Luca meets Julian, Maritza, and Yadriel in the cemetery. Together, they head to the mechanic shop where Rio works. Maritza and the dogs must stay in the yard while Luca and Yadriel head upstairs with Rio. The apartment is incredibly small and narrow. Rio immediately gets Luca something to eat and drink, used to caring for the teenagers in his life. Rio insists that Julian must have away. Luca and Rio argue, as Rio insists that Julian did not care enough to say goodbye to them.
Hearing this, Yadriel becomes enraged—if Rio believes his brother abandoned them, he does not really know Julian at all. Luca wonders aloud if something could have happened to Julian, panics, and shuts down. Rio is exhausted with worry, but immediately becomes protective of Luca. He turns on Yadriel: “If he doesn’t want to be a part of this family anymore, then we need to let him go, okay?” (193). Julian has another outburst, slamming the front door behind him and leaving a swirling, cold wind in his wake. Everyone is alarmed. Rio orders Yadriel to leave.
The theme of appearance versus reality continues throughout this section of the novel. The characters are led astray by different misconceptions that are often rooted in long-accepted beliefs that only an outsider can question. For instance, the brujx community splits responsibilities and powers between men and women as though gender is simple. Yadriel, who is completely entrenched in the community’s mores, has never considered that other brujx in the past may have not fit into this gender binary. Julian, an outsider, can see that the division is an oversimplification: “who counts as a man and who counts as a woman? What about nonbinary people? Or intersex? Or agender?” (160).

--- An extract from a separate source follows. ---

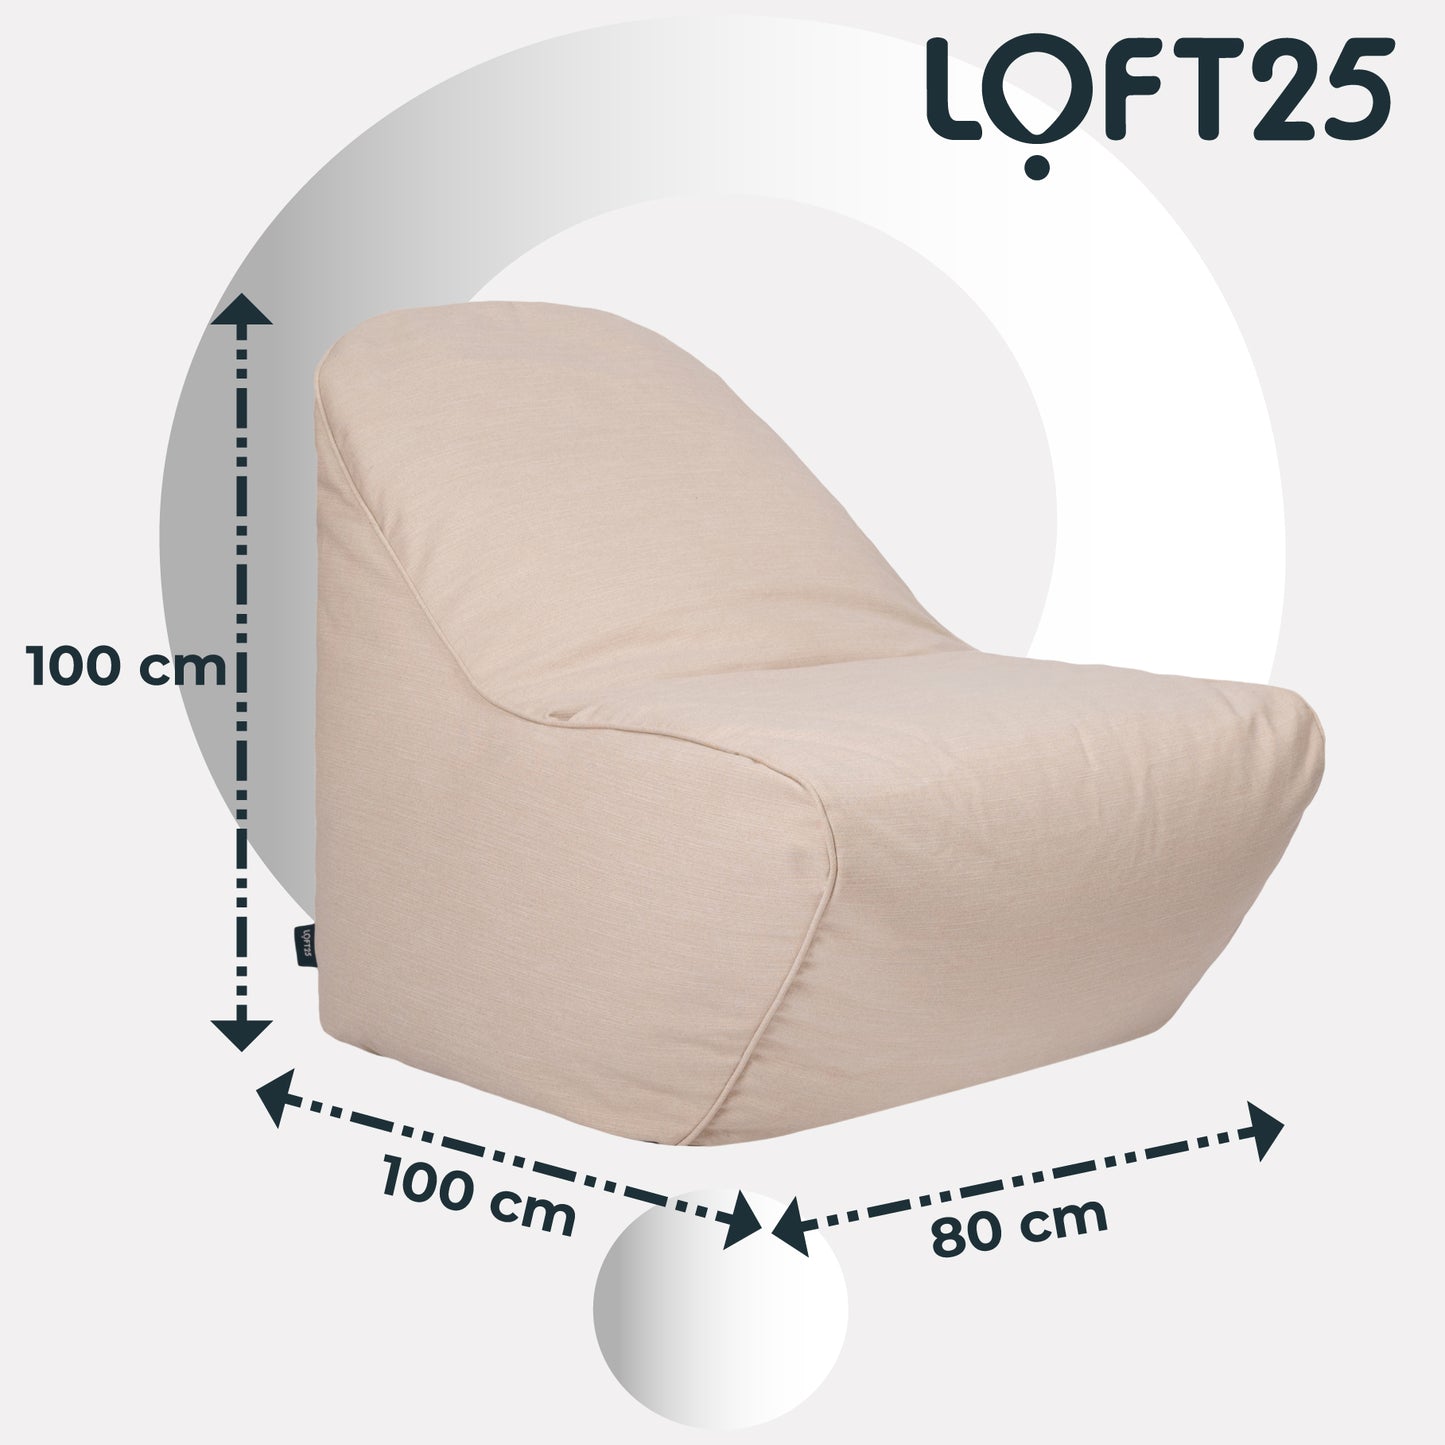 Loft 25 Relaxing Adult Bean Bag Chair 80x100x100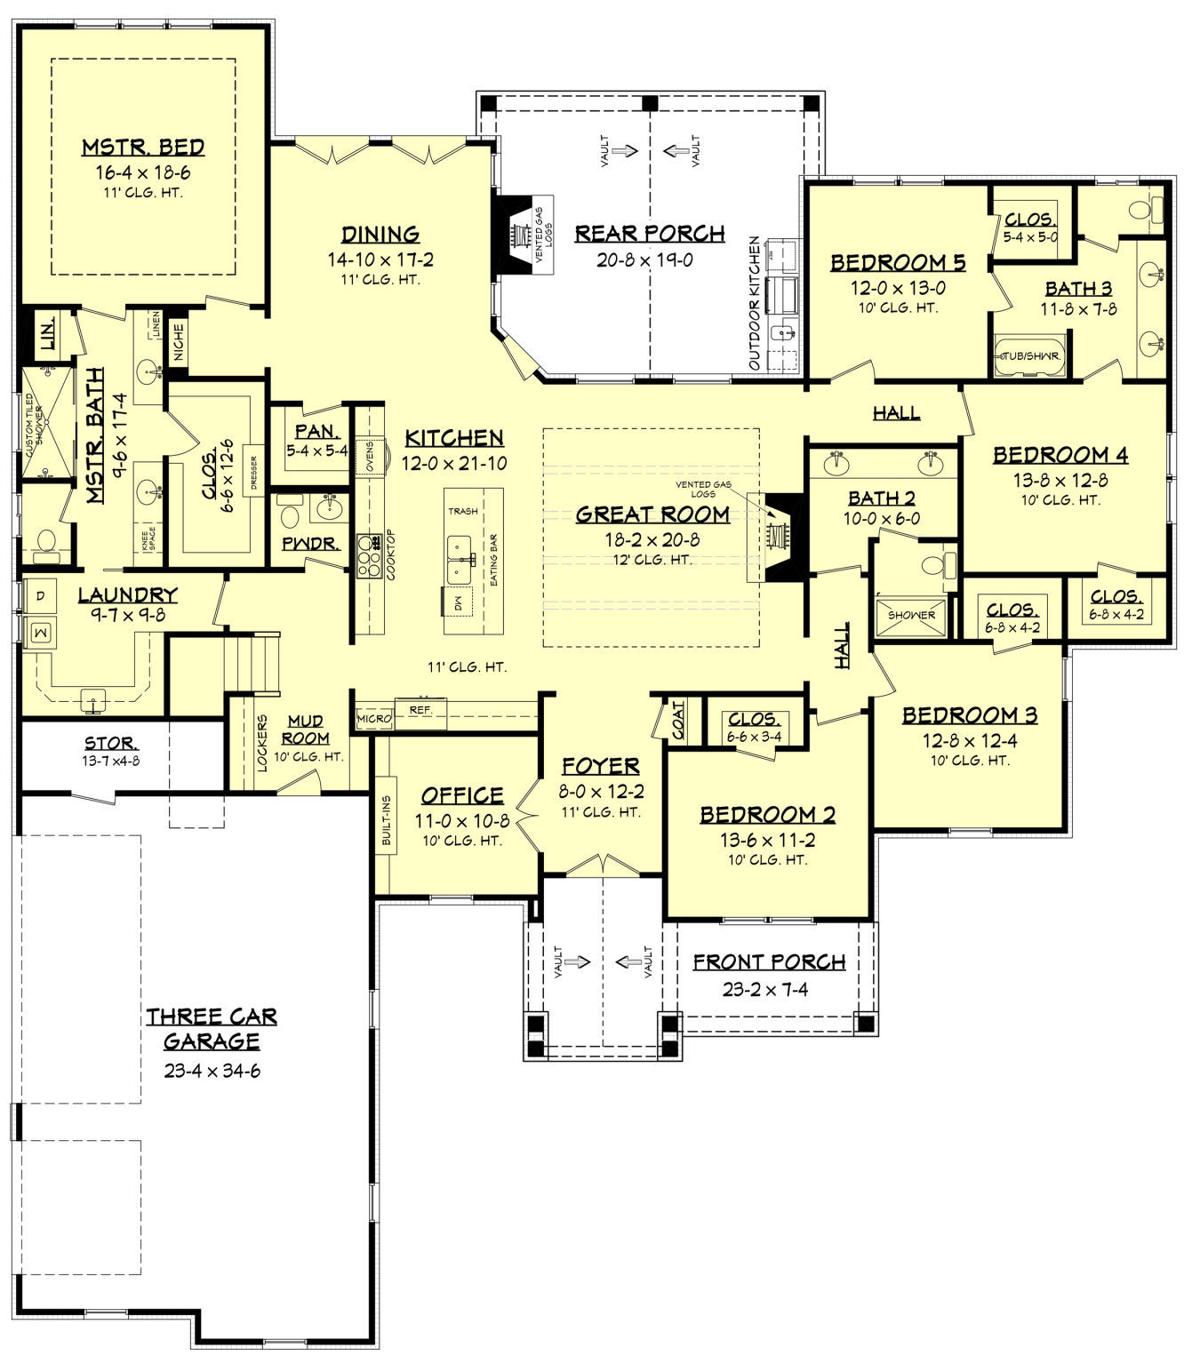 Plan Of The Week 11 25 18 Real Estate Corner Greensboro Com

These questions poke holes at the idea of a brujx community that is perfectly divided into brujos and brujas: “There’s no way y’all have been around for thousands of years without there being one person not fitting into the ‘men are this, women are that’ bullshit” (160). Seeing that he is not the first trans brujx helps Yadriel feel less isolated in his identity.
Distrust in the police is yet another theme that appears numerous times in the novel. Yadriel is surprised to see that neither Miguel’s nor Julian’s disappearance is broadcast on television. Omar succinctly sums up the reason for the lack of coverage: “Kids go missing all the time, just no one notices ’cause they’re already living on the streets, or their parents threw them out” (133). The police assume children who have gone missing are runaways because of their race and class. Instead of trying to help Miguel’s family find him, the police question their citizenship status. Treating the family as second-class citizens is par for the course: “Over the last few years, more and more people in their community—brujx and otherwise—had been deported. Families were split apart, and good people were torn away from their homes. People were fearful of the police and scared to seek out help when they needed it” (151). Instead of protecting and safeguarding the community, the police instead become an active threat. Thomas leads the reader to question whom the police protect, and what groups of people are directly harmed as a result.